A oncologista clínica Giselle Rocha, do Hospital Israelita Albert Einstein e colaboradora do Instituto Vencer o Câncer, separou pesquisas importantes na área de cabeça e pescoço, apresentadas no Encontro Anual da Sociedade Americana de Oncologia Clínica (ASCO 2022), realizado em junho, que podem representar avanços no tratamento destes pacientes.

O primeiro estudo avaliou se pacientes com carcinoma de nasofaringe de risco intermediário tratados com radioterapia de intensidade modulada poderiam ser poupados de quimioterapia concomitante. Os resultados mostraram que a radioterapia pode ser utilizada de forma isolada nesses pacientes, fornecendo controle e sobrevida comparáveis quando utilizada de forma simultânea com a quimioterapia.

Giselle Rocha ressalta que a cisplatina é um agente quimioterápico bastante indicado para tratamento concomitante à radioterapia nas neoplasias de cabeça e pescoço.
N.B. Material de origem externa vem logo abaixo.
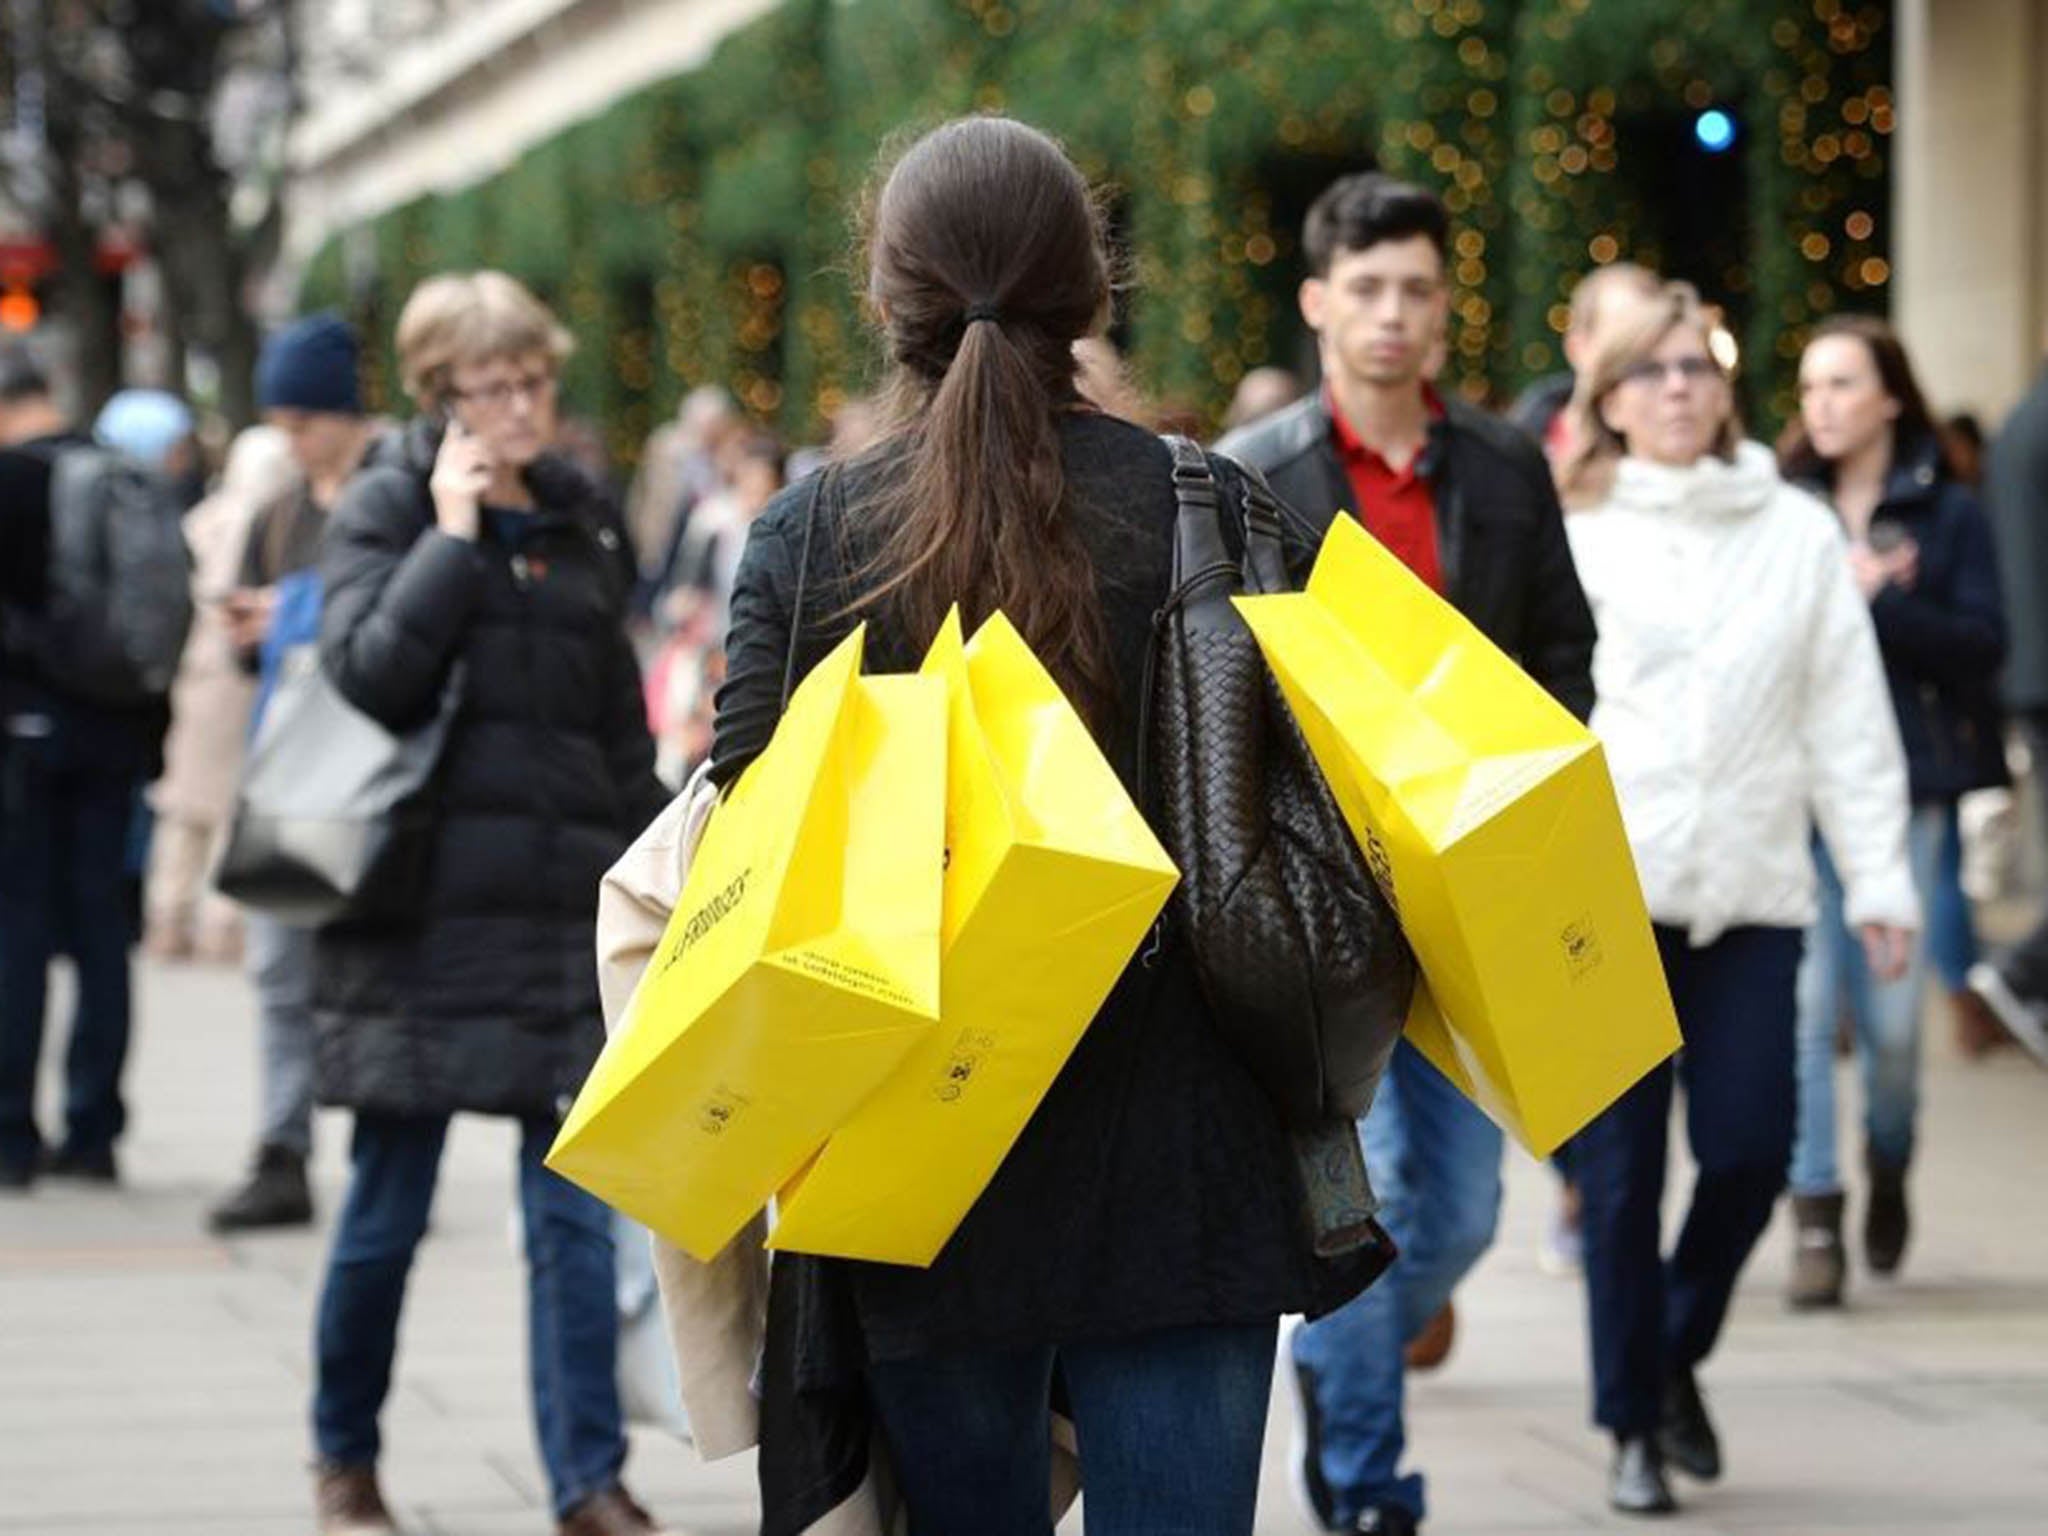 Retail spending was 1.9 per cent higher than a year earlier in July

Um ensaio randomizado, multicêntrico, de não inferioridade, comparou a indicação da cisplatina 100mg/m² a cada 3 semanas por 3 ciclos versus cisplatina 40mg/m² semanal por 7 semanas simultâneas a radioterapia definitiva.
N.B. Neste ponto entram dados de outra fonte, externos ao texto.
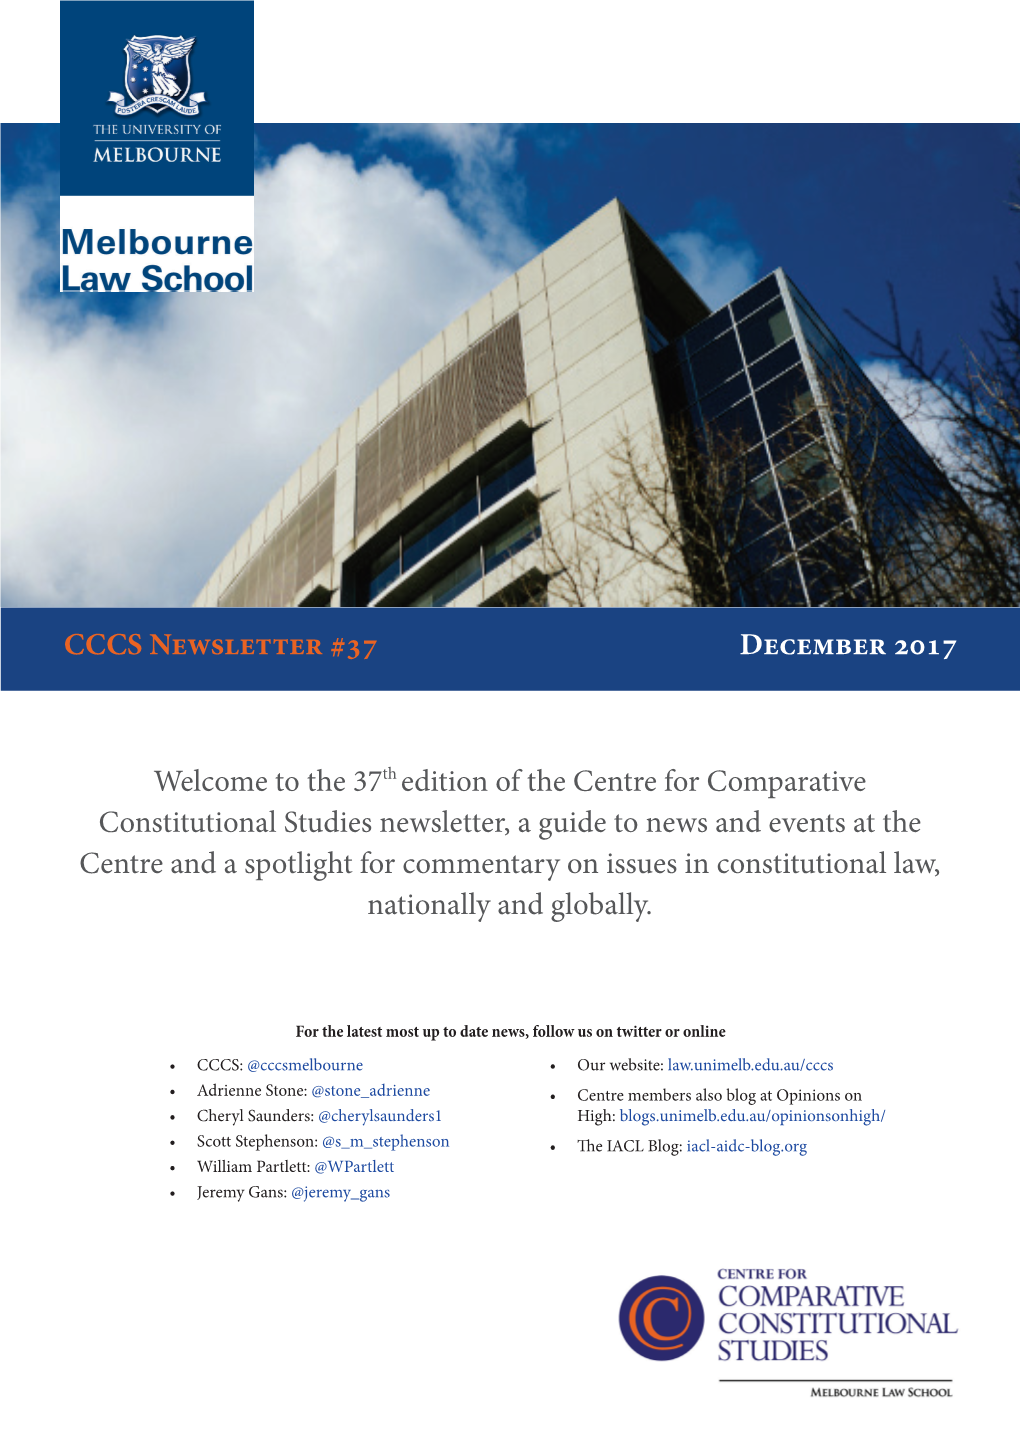 CCCS Newsletter #37 December 2017 Welcome to the 37Th Edition of the Centre for Comparative Constitutional Studies Newsletter, A

Este estudo confirma que a quimioterapia concomitante com cisplatina semanal não é inferior a ciclos a cada 3 semanas, sendo mais bem tolerada e com menos interrupções, hospitalizações e toxicidade, e pode ser considerada como um dos padrões de tratamento nessa população de pacientes.

 

Opção à cisplatina

Muitos pacientes, no entanto, têm contraindicação ao uso da cisplatina, fazendo-se necessária a troca por outras quimioterapias, ou com a opção por utilizar a radioterapia isolada.

Neste sentido, outro estudo, também apresentado no Congresso, randomizou pacientes adultos com carcinoma espinocelular de cabeça e pescoço localmente avançado elegíveis para quimiorradiação ou adjuvante, e inelegíveis para uso de cisplatina. Avaliou o benefício do medicamento docetaxel em associação a radioterapia.

Como resultados, tivemos uma sobrevida livre de doença em dois anos de 30,3% no braço da radioterapia isolada versus 42% no grupo de pacientes que receberam radio e docetaxel.

Os resultados mostram que a adição do antineoplásico à radioterapia melhorou a sobrevida livre de doença e sobrevida global em carcinoma espinocelular de cabeça e pescoço localmente avançado, sendo mais uma opção de tratamento para os pacientes que não são candidatos ao uso da cisplatina.